¿SE PUEDE GANAR SIN ALIANZAS?

Ene 01 1970

La estación Finlandia no está en Toluca 2017, sino en el zócalo de la CDMX 2018. Y desde esta política de acumulación de fuerzas a Morena le está yendo, en efecto, “requetebién”

 

Es una pregunta derivada del resultado en el Estado de México, donde el PRI logró retener la gubernatura gracias a sus aliados (y a una elección de Establo), mientras que Morena en solitario alcanzó una votación inimaginable hace unos meses, aunque insuficiente para ganar de manera contundente.

Existen evidencias sólidas de que Morena ganó el Estado de México, pero el obsceno operativo de Estado que se instrumentó mucho antes de la elección, ante la vista gorda de la autoridad electoral, le permitió al PRI robarse la elección, a billetazo sucio.

Ahora bien, el contundente rechazo que el pasado fin de semana hiciera el presidente y dirigente nacional de Morena para ir en alianza con cualquier otro partido que no fuera el PT, reeditó la pregunta postelectoral y la enfocó en un tema: ¿podrían Morena y AMLO ganar la presidencia de la República únicamente en alianza con el PT?

La mayoría de las opiniones señalan que eso no será posible y el haber descartado desde ahora al PRD y MC, otrora aliados, en 2006 y 2012, aporta la certeza de que la izquierda irá dividida y, por ende, sin posibilidades de victoria. “Si unidos en un solo polo no pudieron; divididos, menos”, es el argumento.

Los más entusiasmados con esta decisión de Morena son el PRI y el PAN, y hasta las gracias por anticipado brindan, porque presuponen que se alejan las posibilidades de AMLO de llegar a Palacio Nacional.

Sin embargo, esa sonrisa se les puede helar, si vemos más de cerca otras aristas y consecuencias de esa decisión.

Al rechazar una alianza amplia de izquierda, López Obrador confirma lo que siempre ha dicho: que su objetivo no es ganar la presidencia a cualquier costo y a costa de lo que sea.
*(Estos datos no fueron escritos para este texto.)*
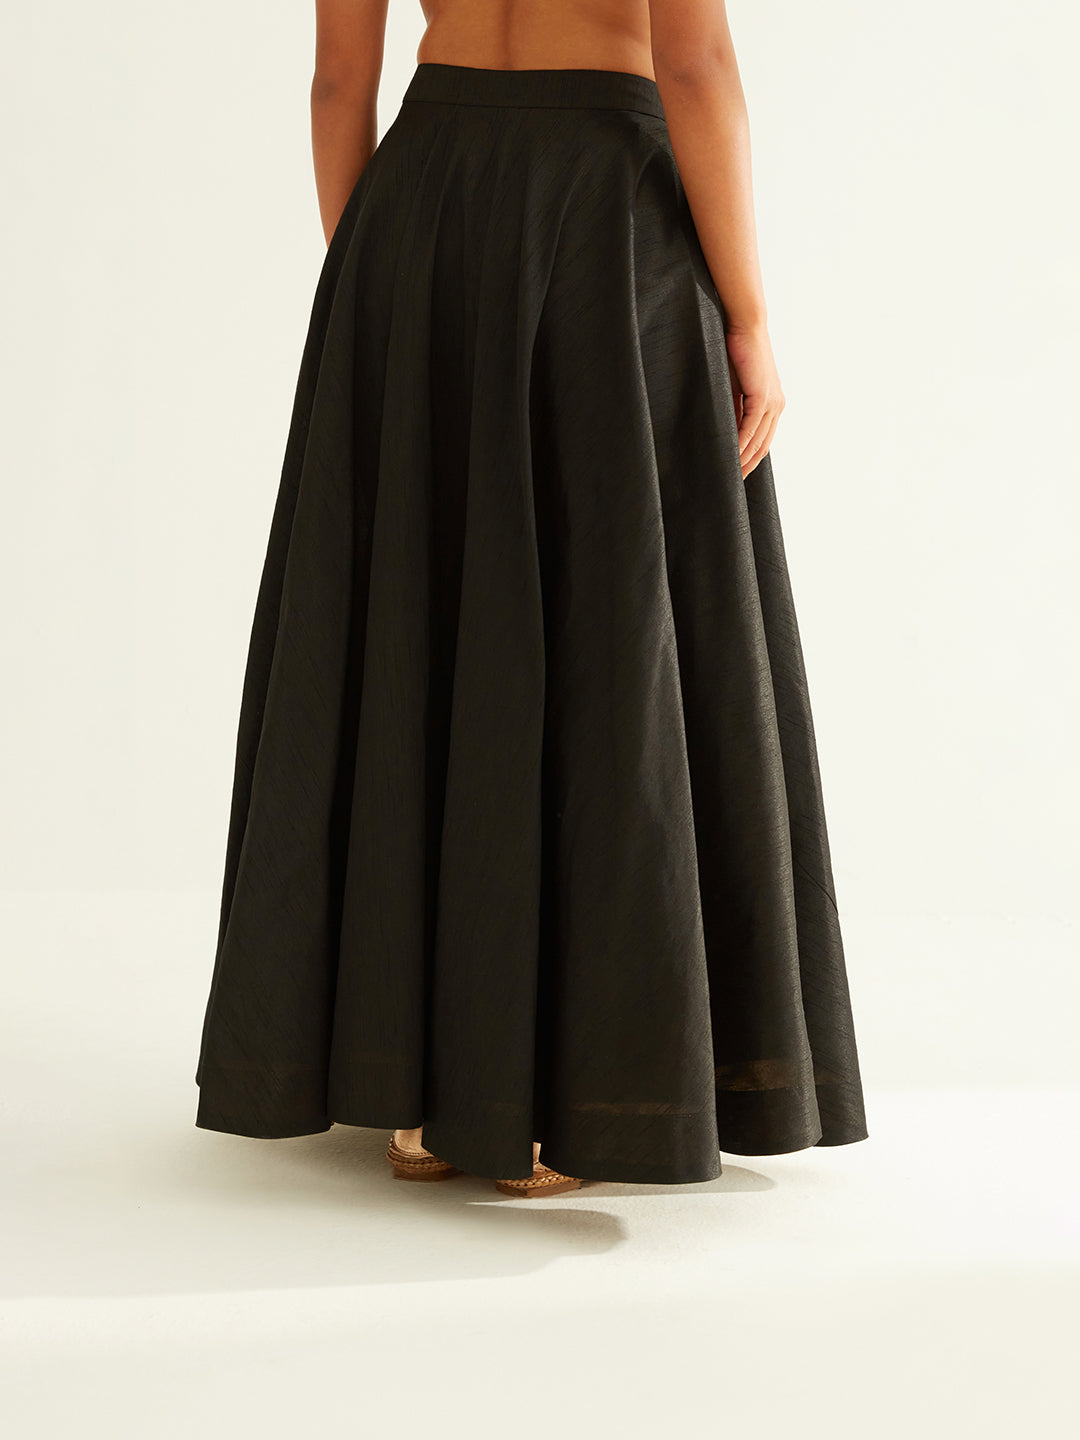 Circular skirt with contrast facing

Se trata de ganar con activismo, no con pragmatismo.

Las alianzas son ciertamente el camino más corto para ganar una elección, pero no siempre son el camino más sólido para gobernar una vez que se obtiene el cargo. Ejemplos de esto sobran en la experiencia aliancista mexicana de las últimas dos décadas.

Por otra parte, ganar el Estado de México un año antes de la elección presidencial hubiese significado haber obtenido una manzana envenenada, porque el aislamiento, el hostigamiento y el estrangulamiento político, presupuestal y en materia de seguridad a la primera gubernatura de Morena, hubiese sido de antología. La bomba de tiempo llamada Estado de México (en términos de inseguridad, desempleo y corrupción) puede estallarle al próximo gobernador antes del verano del 2018.
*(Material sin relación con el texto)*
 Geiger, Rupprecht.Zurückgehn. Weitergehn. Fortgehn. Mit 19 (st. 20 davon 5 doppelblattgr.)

La estación Finlandia no está en Toluca 2017, sino en el zócalo de la CDMX 2018. Y desde esta política de acumulación de fuerzas a Morena le está yendo, en efecto, “requetebién” desde que nació a la vida pública en 2015. Primera fuerza de izquierda en las elecciones federales intermedias; tercera fuerza nacional al contabilizar 13 elecciones locales de 2016 y el partido más votado en 2017 al sumar los resultados de cuatro elecciones estatales (poco más de 2.5 millones de votos). Y todo ese trayecto lo ha caminado en solitario, en una época en que la crisis de la partidocracia aconseja precisamente eso: “más vale solo que mal acompañado”.
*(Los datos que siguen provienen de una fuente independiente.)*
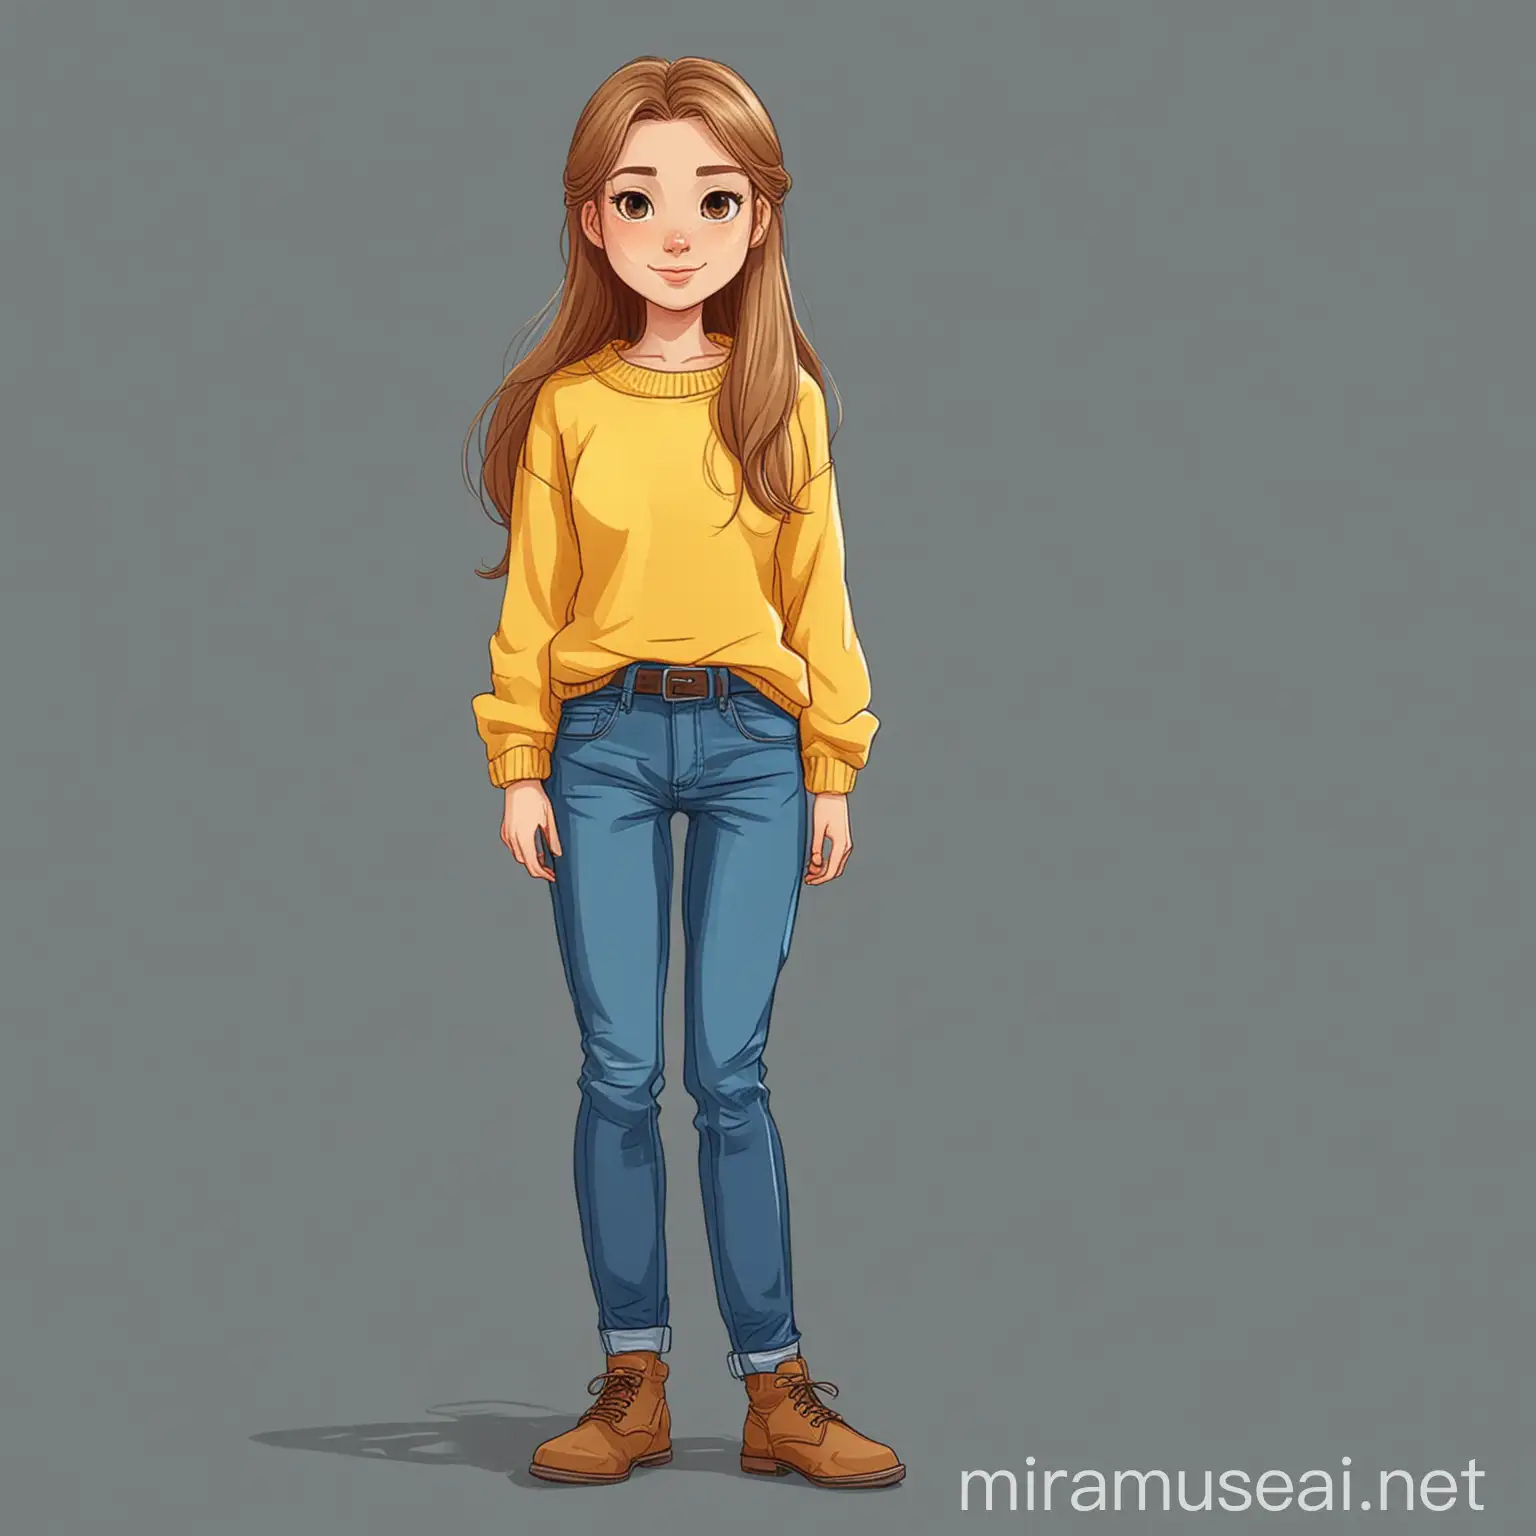 нарисуй персонажа девочку в жёлтом свитере и с длинными волосами и в синем джинсах в векторном плоском стиле.

En un escenario balcanizado como se vislumbra el 2018 (con cuatro o cinco frentes disputando la presidencia), el próximo presidente podrá serlo con 20 millones de votos. En 2006 AMLO obtuvo 14.8 millones de votos y en 2012, 15.9. Estaría a sólo 4 millones de la meta. Para obtenerlos hay dos caminos: buscando socios o desarrollando estructura territorial propia. Se optó por lo segundo. Más difícil, ciertamente, pero “más marrao”.